I just installed a set of Tektro cantis on a cross bike today. They worked best with the thinner of the two spacer washers on the inside of the brake arm. The boss spacing was 75mm. Cross bike canti spacing will tend to be narrower than mountain bike (narrower rims, narrower spacing).


----------



## Entrenador (Oct 8, 2004)

*Axle to post measurement?*



shandcycles said:


> I always shoot for 80mm spacing. It should actually vary depending on rim width but no one builds for specific rims. Distance from the axle makes a difference too. Sweet spot is about 254mm (for 26")


Hey shandcycles, is that 254mm number the distance from the center of the dropout to the center of the boss? Is this measured along the seatstay or from the center of the axle to the center point between the two bosses? Lastly, any chance you'd know what the sweet spot is for 700c cross-type frames? I measured mine along the seatstay, and it's ~292mm from the LH dropout to the LH brake boss. Seems a bit long, as the boss is almost horizontal from the rim surface.

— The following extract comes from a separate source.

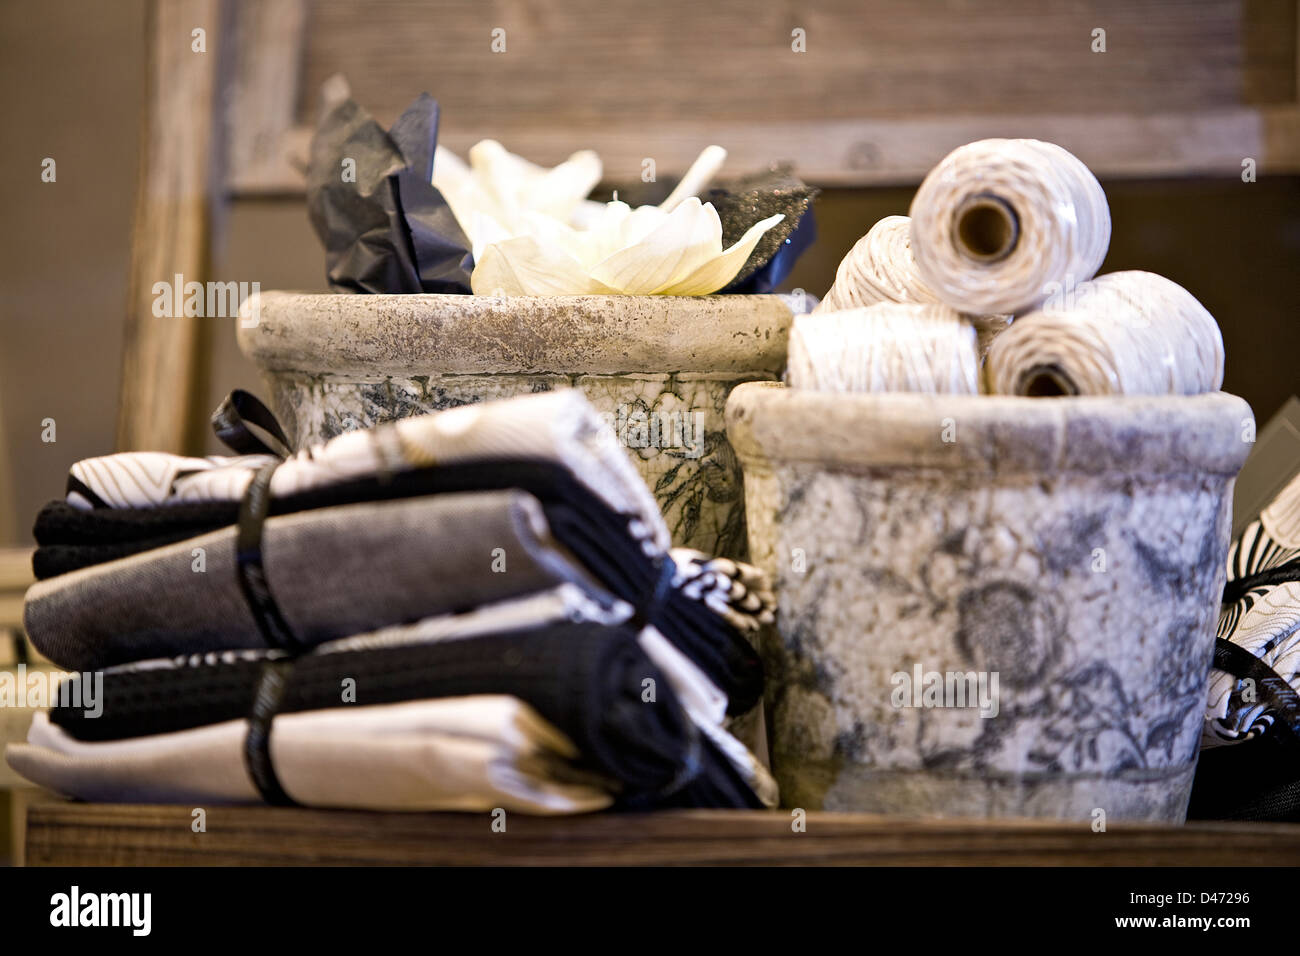 Innere Bild ordentlich gefaltet und gebunden Küchentücher neben Keramik Töpfe mit Rollen Schnur angebracht. Stockfoto
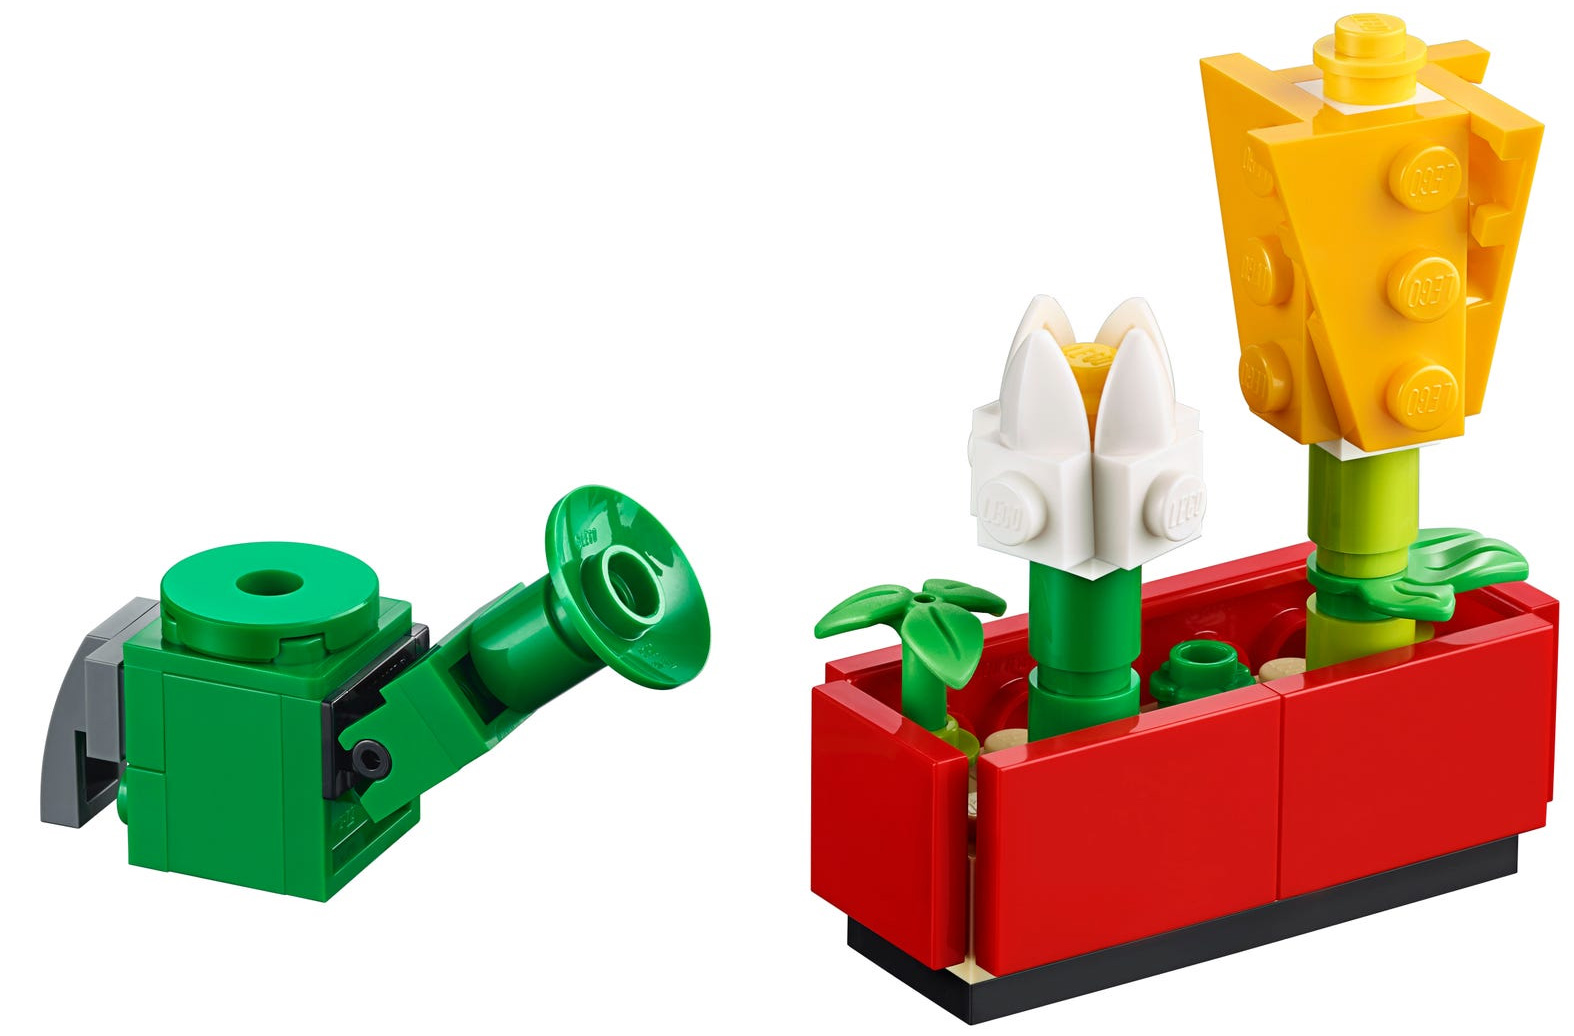 LEGO Objets divers 40310 pas cher, LEGO Xtra - Accessoires sur le thème de  la botanique

I swapped the spacers out so that the thinner ones are between the lever and the pads, but that only helped a little bit. I'm using Salsa Delgado rims. This is an older hybrid bike, and I don't think the Salsas are much wider than the original rims. I put the old Shimanos back on for now, but I'd like to get the Oryx working on this bike if possible.

Any ideas? 
Thanks for the insight.
105mm


----------



## Entrenador (Oct 8, 2004)

ssmike said:


> I just installed a set of Tektro cantis on a cross bike today. They worked best with the thinner of the two spacer washers on the inside of the brake arm. The boss spacing was 75mm. Cross bike canti spacing will tend to be narrower than mountain bike (narrower rims, narrower spacing).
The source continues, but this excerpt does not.